To become a professional astronomer that telescope is not enough, you need a lobotomy biggrin.gif
jeremy
Well it is my belief that the scope advertised in Lidl is an ETX70 even though it doesnt explicitly say so on the tin. It has an autostar handset which means you align the scope then it shold take you to nebulae, planets etc. If I didnt have my existing scope I'd be tempted to nag the wife to buy it for Christmas.
Panama
It is a Meade ETX series telescope, but it's not clear which model from the Lidl Telescope advertisment page.
Kommentarlos
Hi Jeremy,

Here in Berlin we have a flyer and Lidl website reference for what seems to be the Meade Computer-Telescope that you are mentioning.

Meade

Computer-Teleskop


* Hochauflösende Optik
* Höhenverstellbares, stabiles Alu-Stativ
* Vergrößerung: 14x – 262,5x
* Linsendurchmesser: ca. 70 mm
* Brennweite: ca. 350 mm
* Automatische Himmelsnavigation auf Knopfdruck
* Inklusive Astro-Software, Nylon-Rucksack, 3MA-Okularen, Amici-Prisma und 3-fach Barlow-Linse: 1.050 mm
* 5 Jahre Herstellergarantie
* Preis je Stück

179.-*

* Bitte beachten Sie - Dieser Artikel kann aufgrund begrenzter Vorratsmenge bereits am ersten Angebotstag ausverkauft sein.
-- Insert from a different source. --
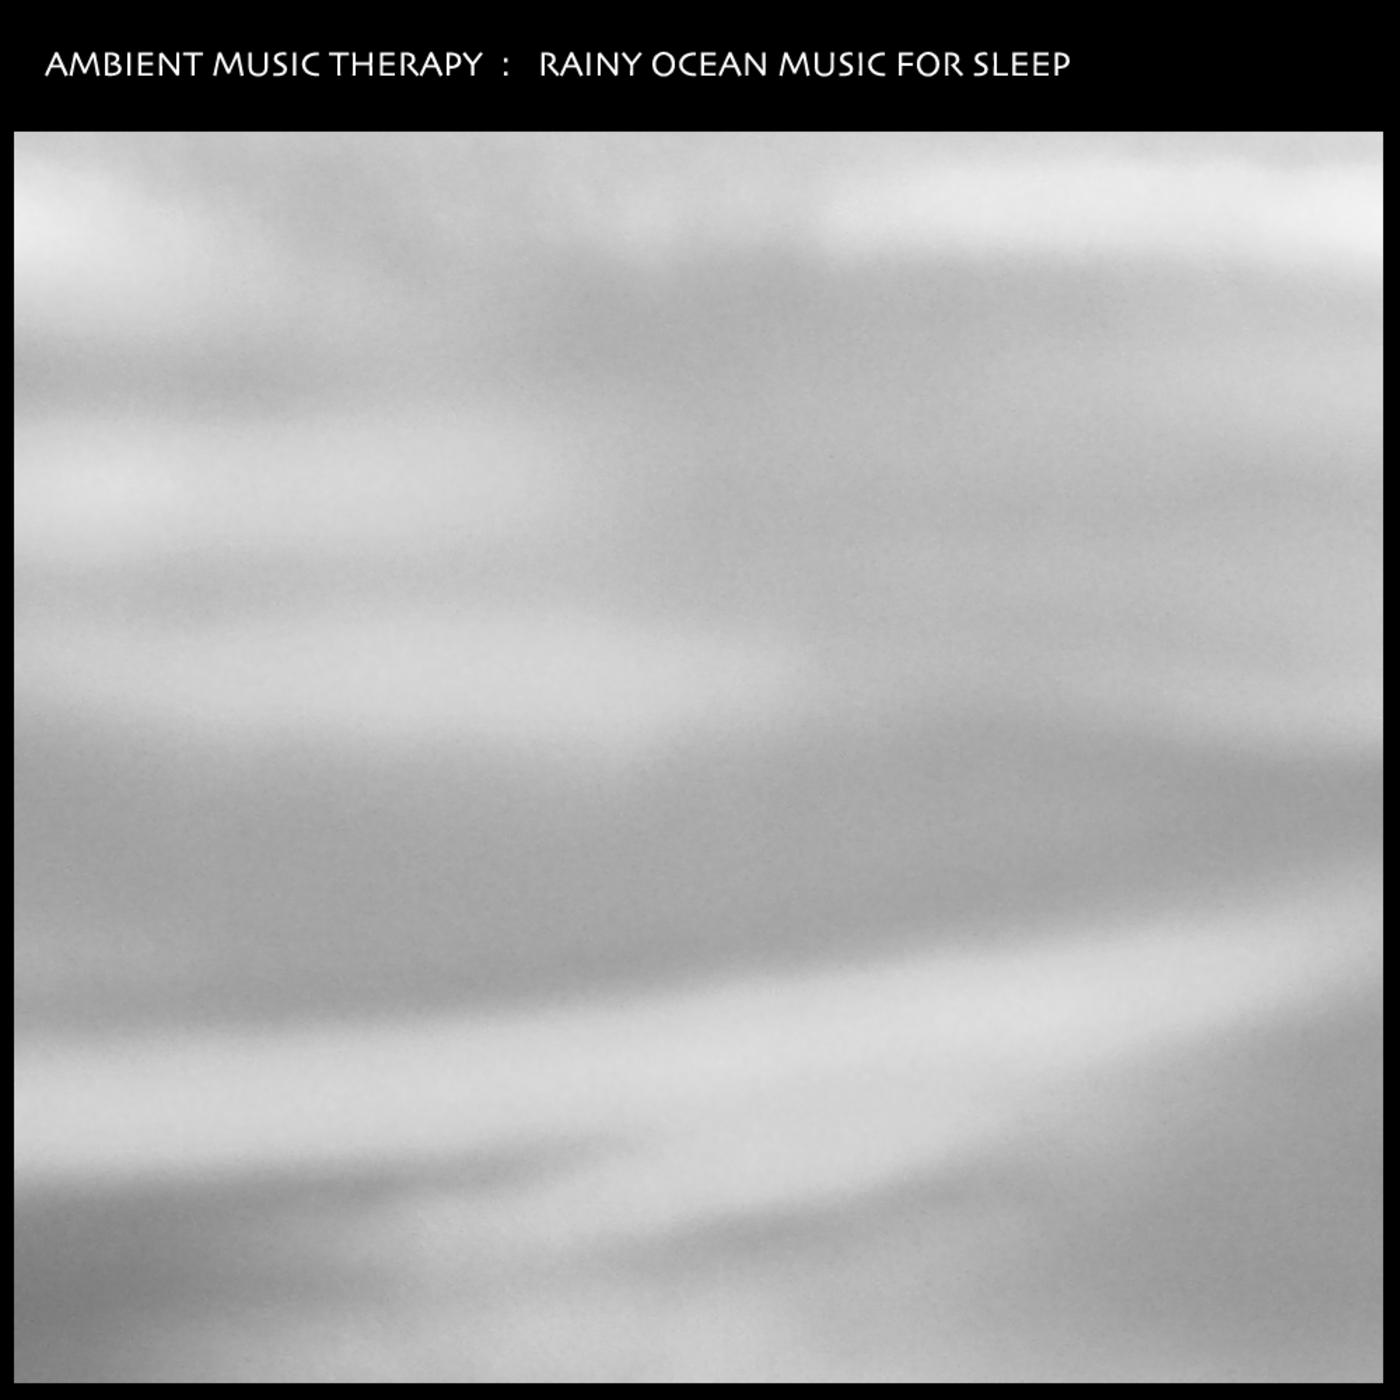 Rainy Ocean Music For Sleep

Alle Preise ohne Deko. Für Druckfehler keine Haftung. Irrtümer vorbehalten.

However, if you stick in another postcode e.g. Altöttinger Straße 22, 84518 Garching you get a different telescope (Bresser Zoom-Spektiv) with a different description

Bresser

Zoom-Spektiv

* Spektiv:
Vergrößerung: 25 – 75/200 m
Objektiv: Ø ca. 90 mm
Max. Sehfeld: 19 m/1000 m
Tubus gummiarmiert und wasserdicht – beschlagfrei durch Stickstofffüllung
Gewicht reduzierendes Polycarbonat-Material
Länge: ca. 42 cm
* Stativ:
Aus stabilem Metall
Höhenverstellbar
* Mit mehrschichtig vergüteten Präzisionslinsen und BaK4-Prismen
* Inklusive Tasche, Tau- und Sonnenschutzblende, sowie Mondfilter
* 5 Jahre Herstellergarantie
* Preis je Stück

179.-*

* Bitte beachten Sie - Dieser Artikel kann aufgrund begrenzter Vorratsmenge bereits am ersten Angebotstag ausverkauft sein. Alle Preise ohne Deko. Für Druckfehler keine Haftung. Irrtümer vorbehalten.

In your opinion, is there any substantial differences between these two models?

(Edit) If anyone is interested in this offer, it seems only to be available from the 13.12 (Thursday) smile.gif
interplanetjanet
QUOTE (omjoi @ Dec 5 2007, 3:41 pm) *
To become a professional astronomer that telescope is not enough, you need a lobotomy

Them's fightin' words! [img]http://planetsmilies.net/angry-smiley-168.gif[/img]
MajorBummer
I saw that Aldi's is advertising a kind of a scope today in the SZ. It's a Spektiv 30-90x90 mm and includes a 3 year guarantee. Is selling at €69,99. A cheaper way to perv perhaps.
Here's the link to the Aldi's Website and the offer - Spektiv 30-90
MajorBummer
I saw that Aldi's is advertising a kind of a scope today in the SZ. It's a Spektiv 30-90x90 mm and includes a 3 year guarantee. Is selling at €69,99. A cheaper way to perv perhaps.